MathJax example

On good apples and bad apples...

me: When I’m looking at the stars with my eyes wide open with curiosity, I’m just doing what any life form with a big brain and learning capacity would do, seek novelty, form stories based on past experience and so on. Nothing special for a life form with a big brain. All the seemingly intricate questions like, what is the meaning of this all, why are there so many stars, or any question of such nature is just a convoluted way of the nature of how our brain works

myself: Dude, it’s midnight. Just sleep

me: Human behavior is complex, and biased

myself: You’re #jb3rkebr@b5%&*bjsdf

me: It seems pointless to ask these questions while I don’t understand how this thing inside my head works

myself: It’s all in your head

me: It is. What if we could find something simple, similar

myself: umm. You won’t find something, but you sure can create one

me: ooo. Abstraction based on past experience ie imagination. Me likey likey

myself: We’re not doing this right now are we?

me: We are

myself: AAHHHHHHHHHHHHHHH

To understand what we do and why we do, one way to approach the problem is to model our own behavior in a simple way. For that let’s start with a life form that doesn’t seem to be doing much. A tree.

So, what is it doing? What is it’s purpose? Is it to give us oxygen? To provide shade? To come into existence only to give us wood for our use? Without much stress, the answer is ‘no.
It is simply to spread itself. To reproduce, with self-preservation in view for the same.

Not very flexible right. Next we can ponder about the instinctual behavior of animals. That is not far from human behavior. There is just the added learning capacity which seems to convolute our own instinctual behavior. That makes us flexible and not some pre-programmed beings like bees or ants. Now basic to all life forms is self-preservation towards reproduction. Also there is flexibility due to learning capacity in certain life forms like human beings.

So, a robot with learning capacity in a thought experiment would do just fine.

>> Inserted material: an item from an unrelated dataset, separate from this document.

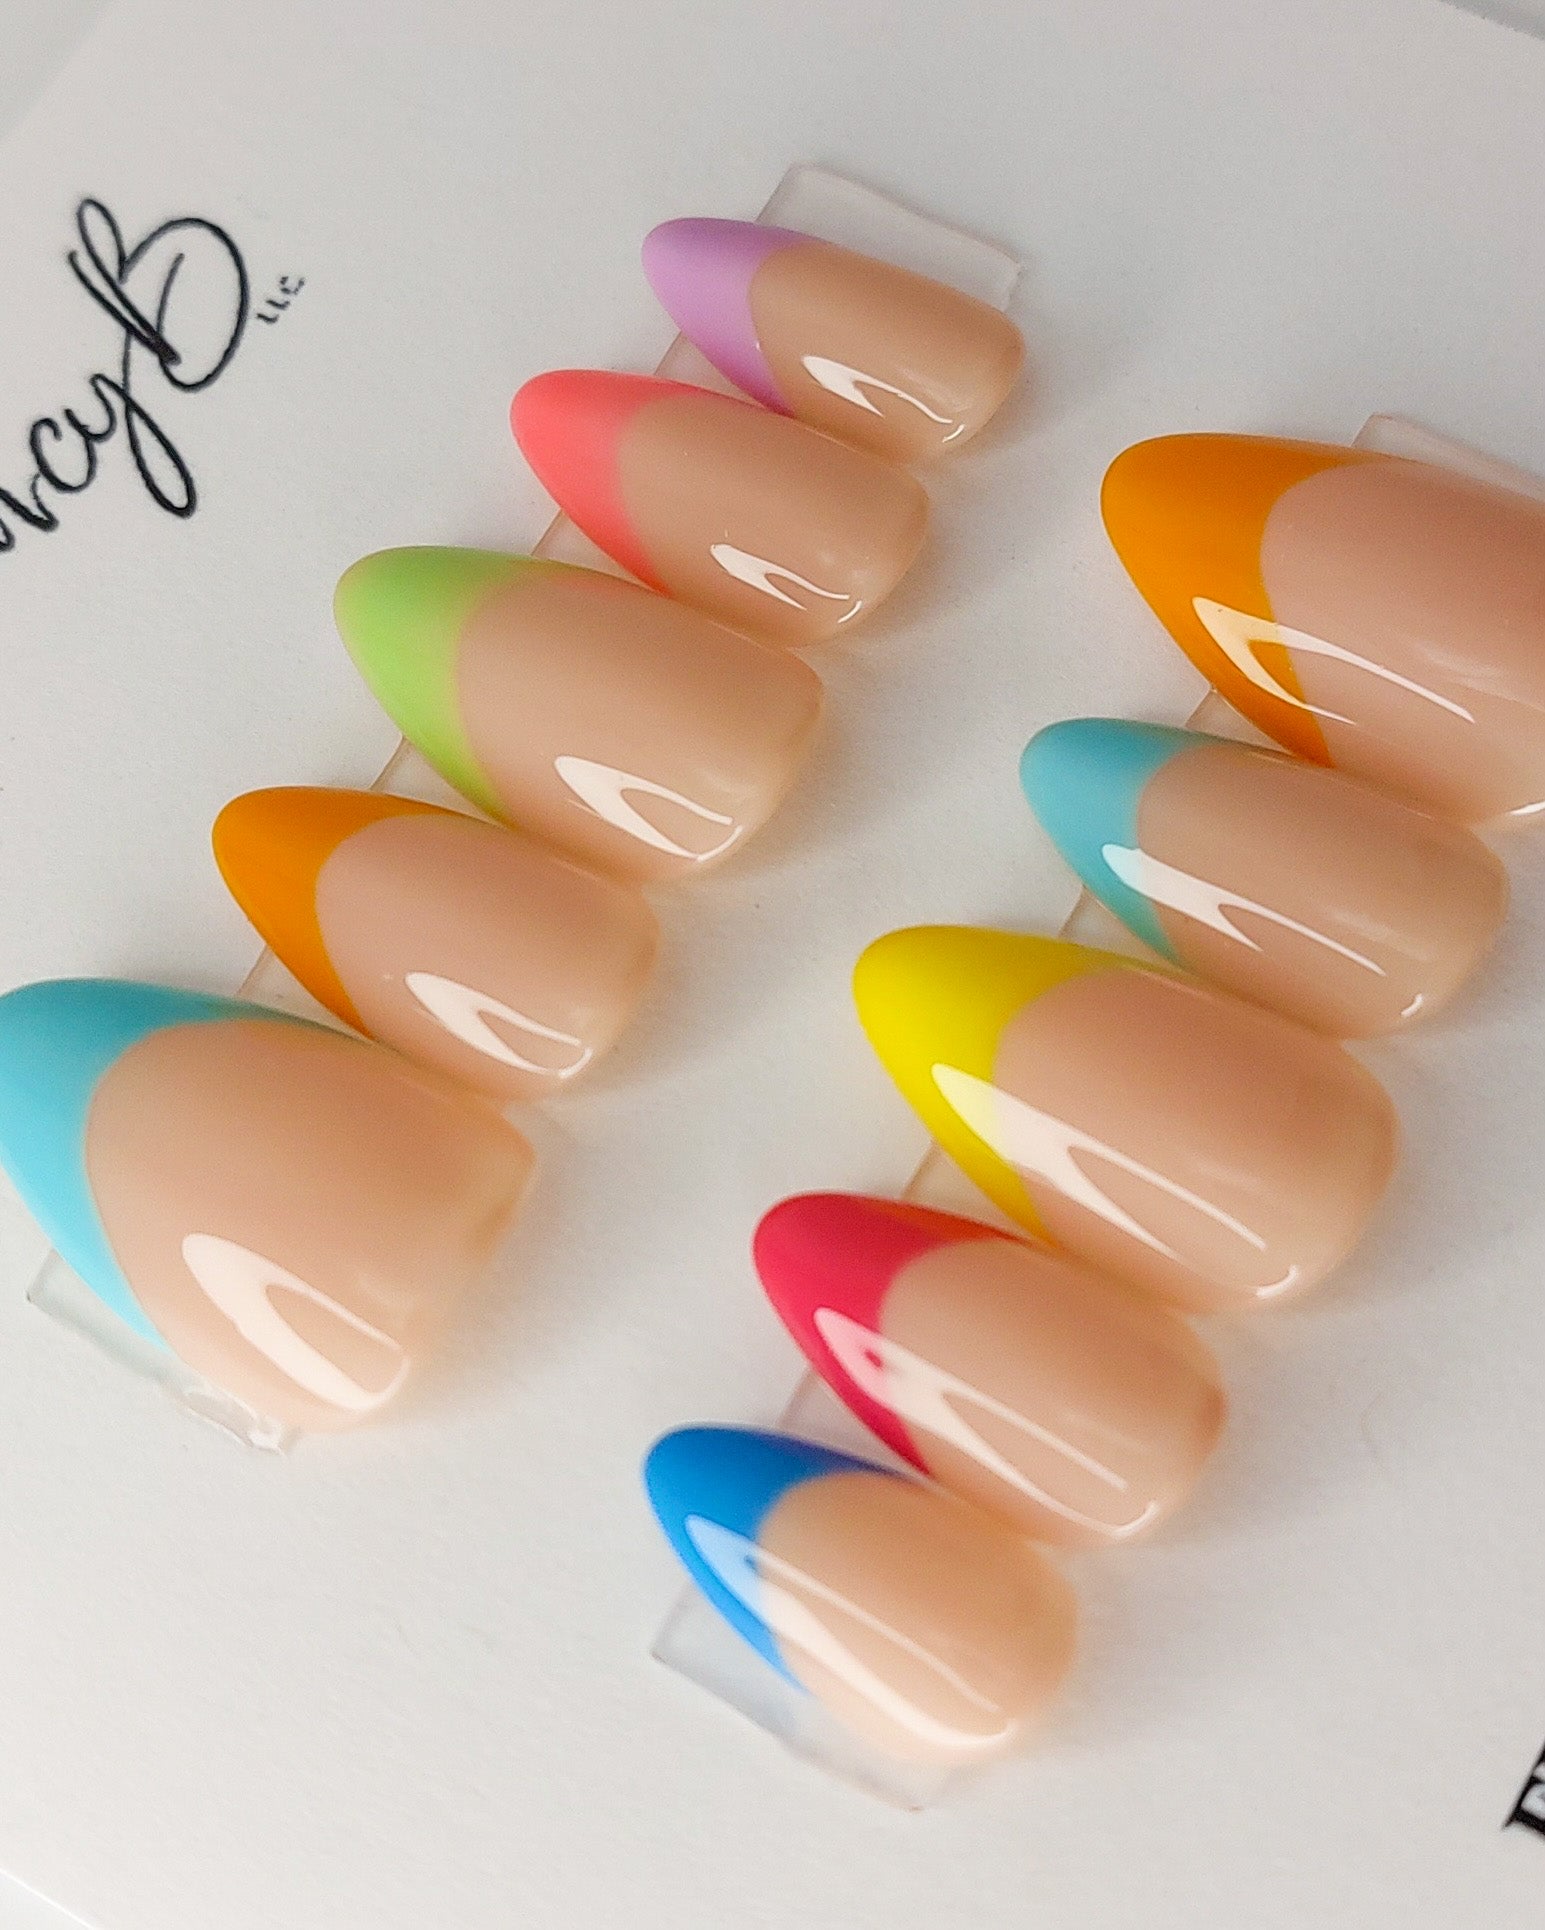 Custom press on nails with colorful french tip press on nails with nude gel and multi-colored french tips. Rainbow press on french tips.

To keep it simple, for the time, let’s take reproduction out of the scene. So it’s just self-preservation for our wall-e looking robot. For the flexibility part i.e. to instill a learning capacity, our wall-e 2.0 follows two specific rules. One is to continuously seek novelty. Other is to form memories from the experiences and be able to recall them. Wait. What? Seek novelty? Form memories from experiences? We haven’t described how it works, yet. And here is how it works. It scans. Scans an object for its geometrical shape and size, its texture, and its color imprint. Once the object is scanned, it assigns certain random figures to each of the attribute described that can be collectively or partially recalled as a memory of the object. The meaningless symbols come together to give meaning to the object in its memory. Simple enough? Yet another simplification required is the use of specific surroundings and environment. Pitch black planar piece of land with individual objects distributed throughout. The individual objects are just various types of fruits. Fruits? Why fruits? We’re talking about it’s self-preservation. So how does it preserve itself. Final weird piece to the picture is that it can somehow, ‘SOMEHOW’, convert fruits directly into the form of energy it requires. But all living things stop living at some point right. Here are the meta-metabolic rules for our wall-e 2.0. Each fruit it consumes, if consumable adds a energy bar on a scale of 5. And if it so happens that it consumes a bad/rotten fruit, it loses 1/2 a bar. Also an idol time of one human hour of not consuming anything results in loss of 1/4th of the energy bar. Loss of all energy bars will, umm, will result in its Asta Lavista. Keeping it simple:
Max. capacity = 5 = In the pink
Min. = 0 = So dead
1 Good fruit = +1
1 bad fruit = -0.5
1 hour of ideal time = -0.25

Remember that it is pre-programmed only for:
1. Consuming things for energy
2. Seeking novelty
3. Forming memories

Keeping it in the environment and surroundings described previously and turning it ‘on’, what do you think will happen? Try simulating if the only fruits are apples, both good and bad.